## EXERCISE GOAL
Write out the listing below in full and exactly, leaving out every picture.
BEGIN DATA SHOWN
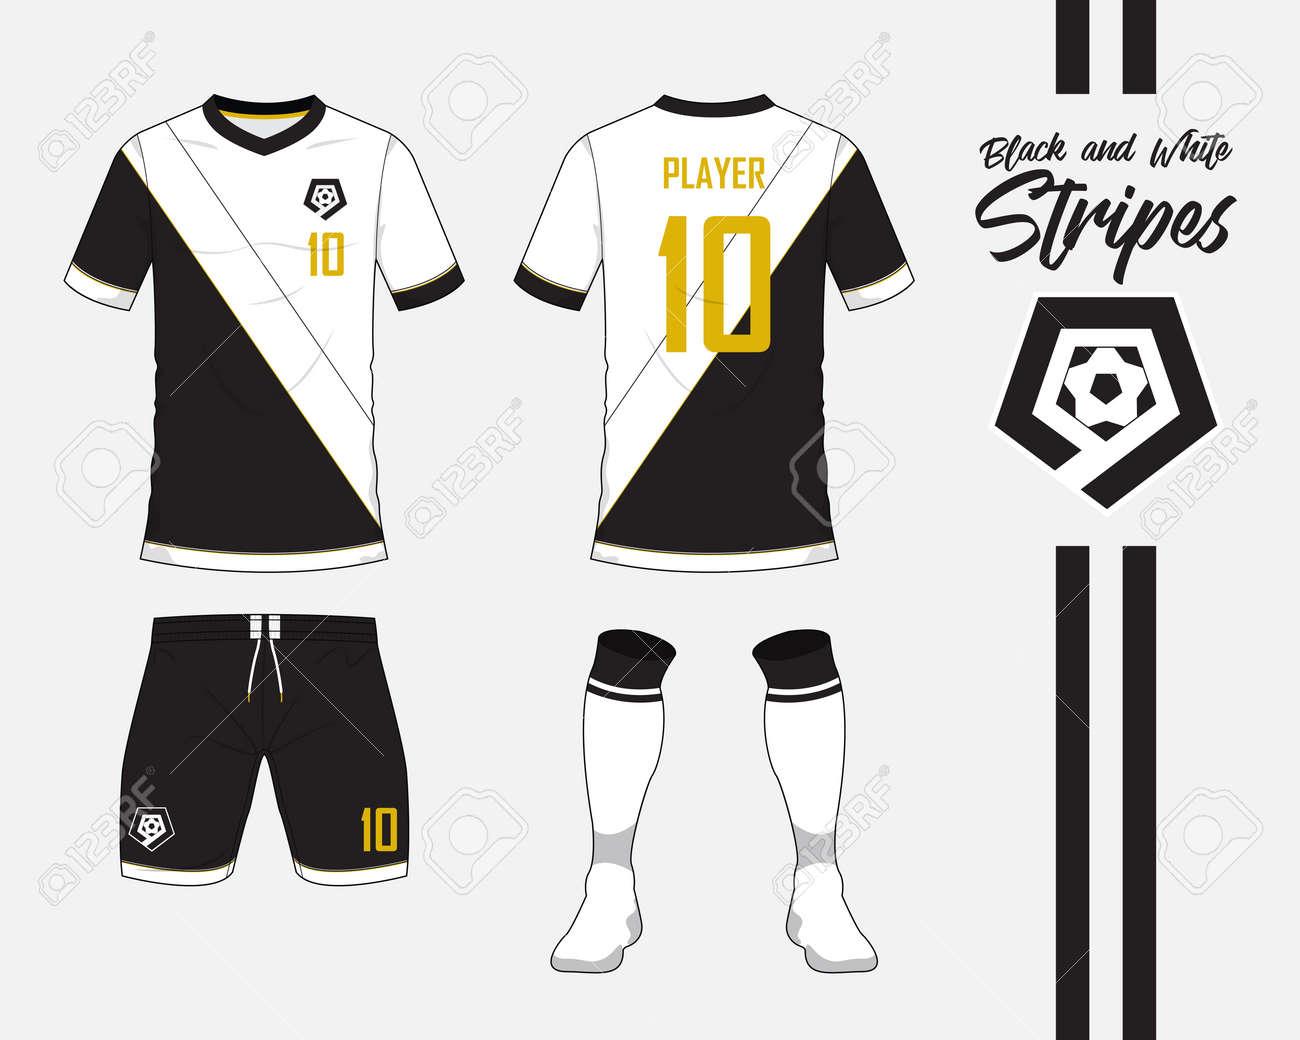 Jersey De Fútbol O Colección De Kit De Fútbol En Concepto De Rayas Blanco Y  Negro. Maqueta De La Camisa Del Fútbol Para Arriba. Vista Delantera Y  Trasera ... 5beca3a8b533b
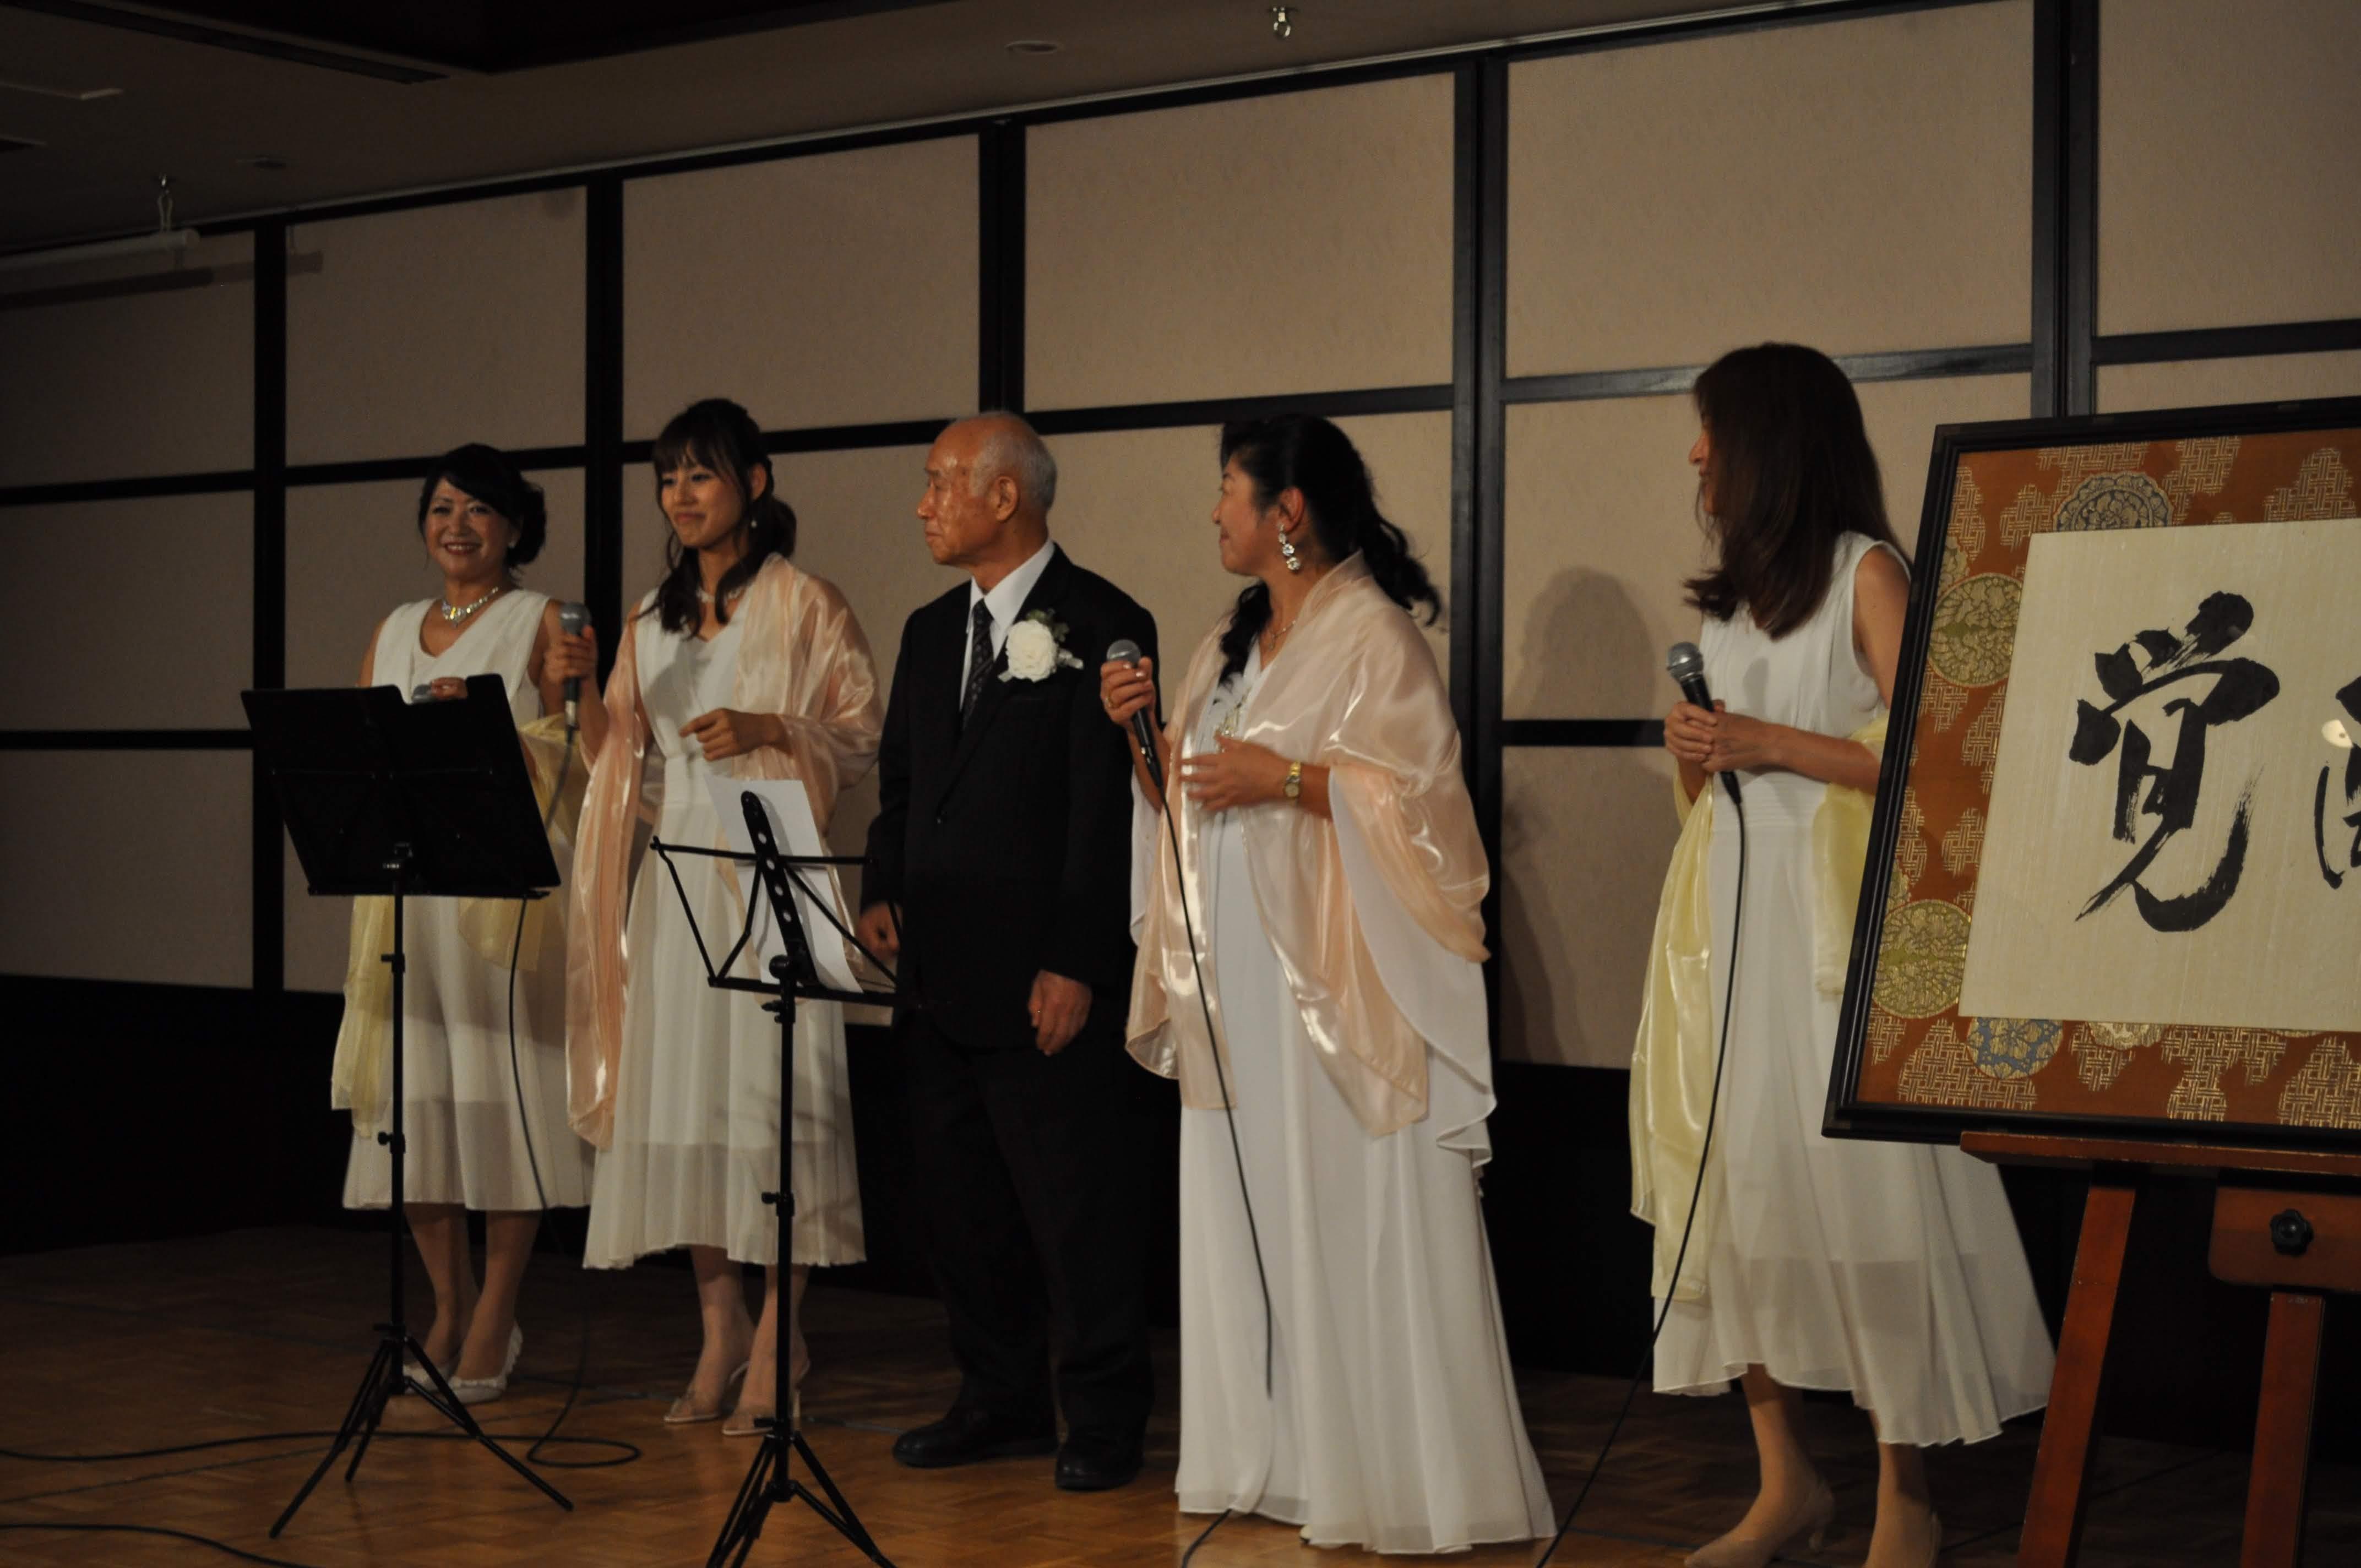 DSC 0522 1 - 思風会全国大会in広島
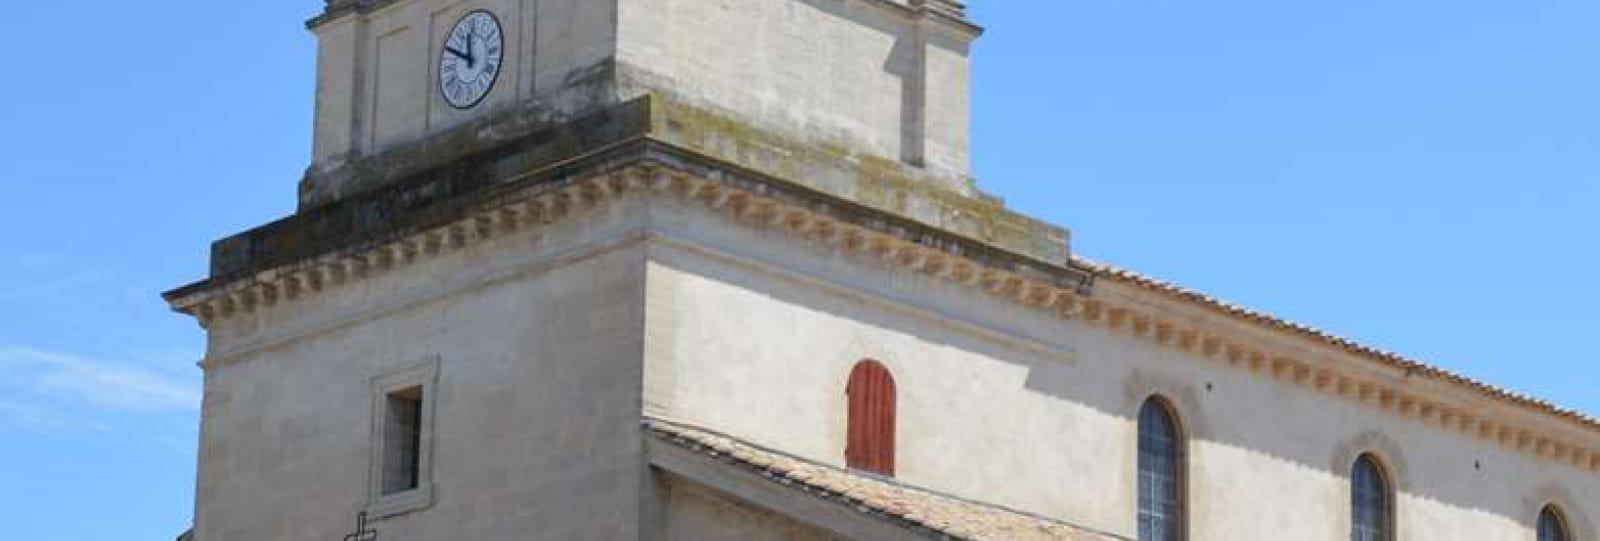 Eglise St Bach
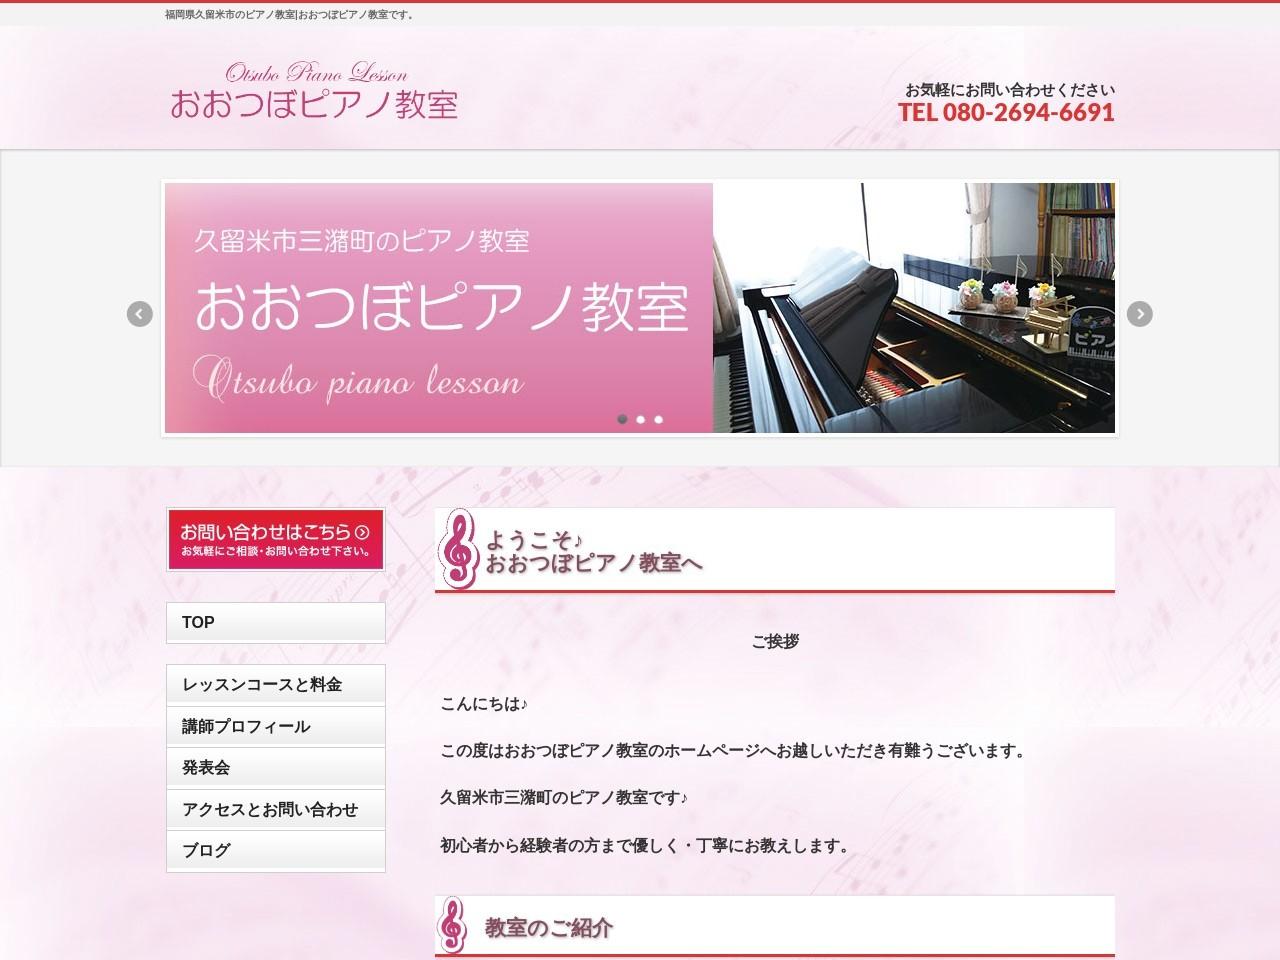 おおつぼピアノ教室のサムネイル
END DATA SHOWN
## RESPONSE BELOW
 Jersey De Fútbol O Colección De Kit De Fútbol En Concepto De Rayas Blanco Y  Negro. Maqueta De La Camisa Del Fútbol Para Arriba. Vista Delantera Y  Trasera ... 5beca3a8b533b
 DSC 0522 1 - 思風会全国大会in広島
 Eglise St Bach
 おおつぼピアノ教室のサムネイル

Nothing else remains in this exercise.